= Visigothic coinage =

Middle Age coinage from Gaul and Hispania

The coinage of the Visigoths was minted in Gaul and Hispania during the early Middle Ages, between the fifth century and approximately 710.

The principal denominations were the solidus and the tremissis, gold coins issued in the late imperial era by both Western and Eastern emperors. The earliest coinage is from Gaul, where the Visigoths settled at the beginning of the fifth century, and was followed by coinage from Hispania in the beginning of the sixth century, which became the centre of Visigothic rule after they lost the majority of their territory in Gaul to the Franks.

The first coins, commonly known as the pseudo-imperial series, imitate contemporary Roman and Byzantine coinage, with copied legends.

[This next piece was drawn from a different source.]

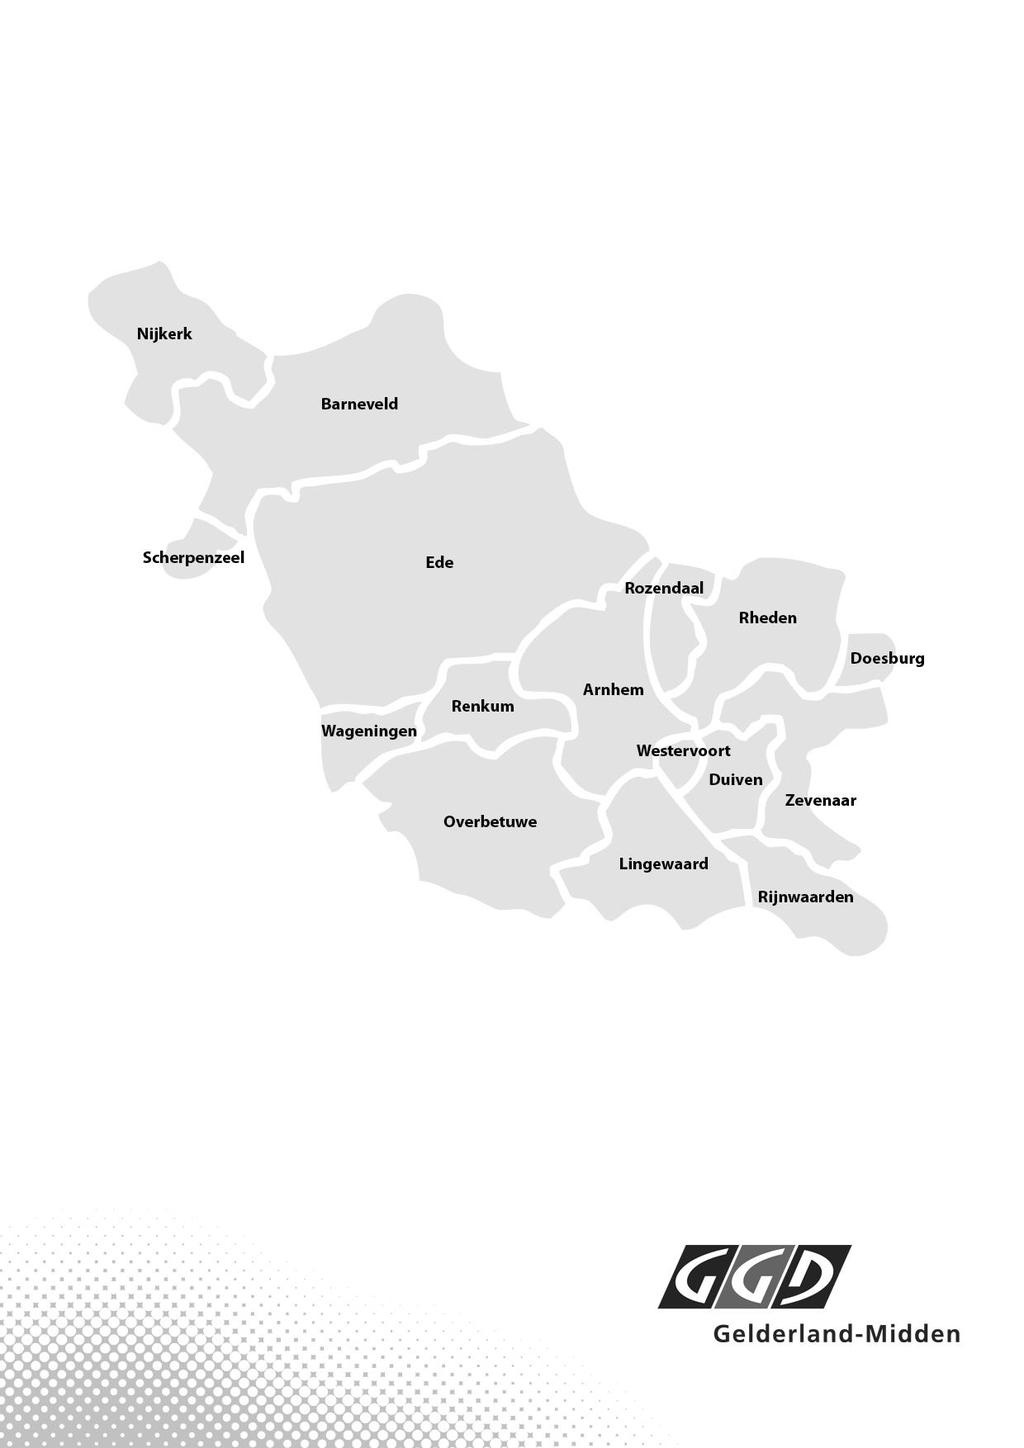 GGD Gelderland-Midden is onderdeel van de Veiligheids- en Gezondheidsregio Gelderland-Midden GGD

After 580 coins were issued in the name of the Visigothic kings. This royal coinage continued until the second decade of the eighth century, when Visigothic rule was ended by the Islamic conquest of Iberia.

==Cataloging==
The most recent work on the Visigothic coinage is the first volume of the series Medieval European Coinage (MEC), published by Philip Grierson and Mark Blackburn in 2007. Visigothic coins can be found between the catalogue numbers 166 and 277. Another important catalogue is George Carpenter's study, published in 1952 by the American Numismatic Society, which covers the period between 580 and 713.

The only study which covers the entirety of the coinage is that of Reinhart, with separate works on the Gallic and Hispanic series.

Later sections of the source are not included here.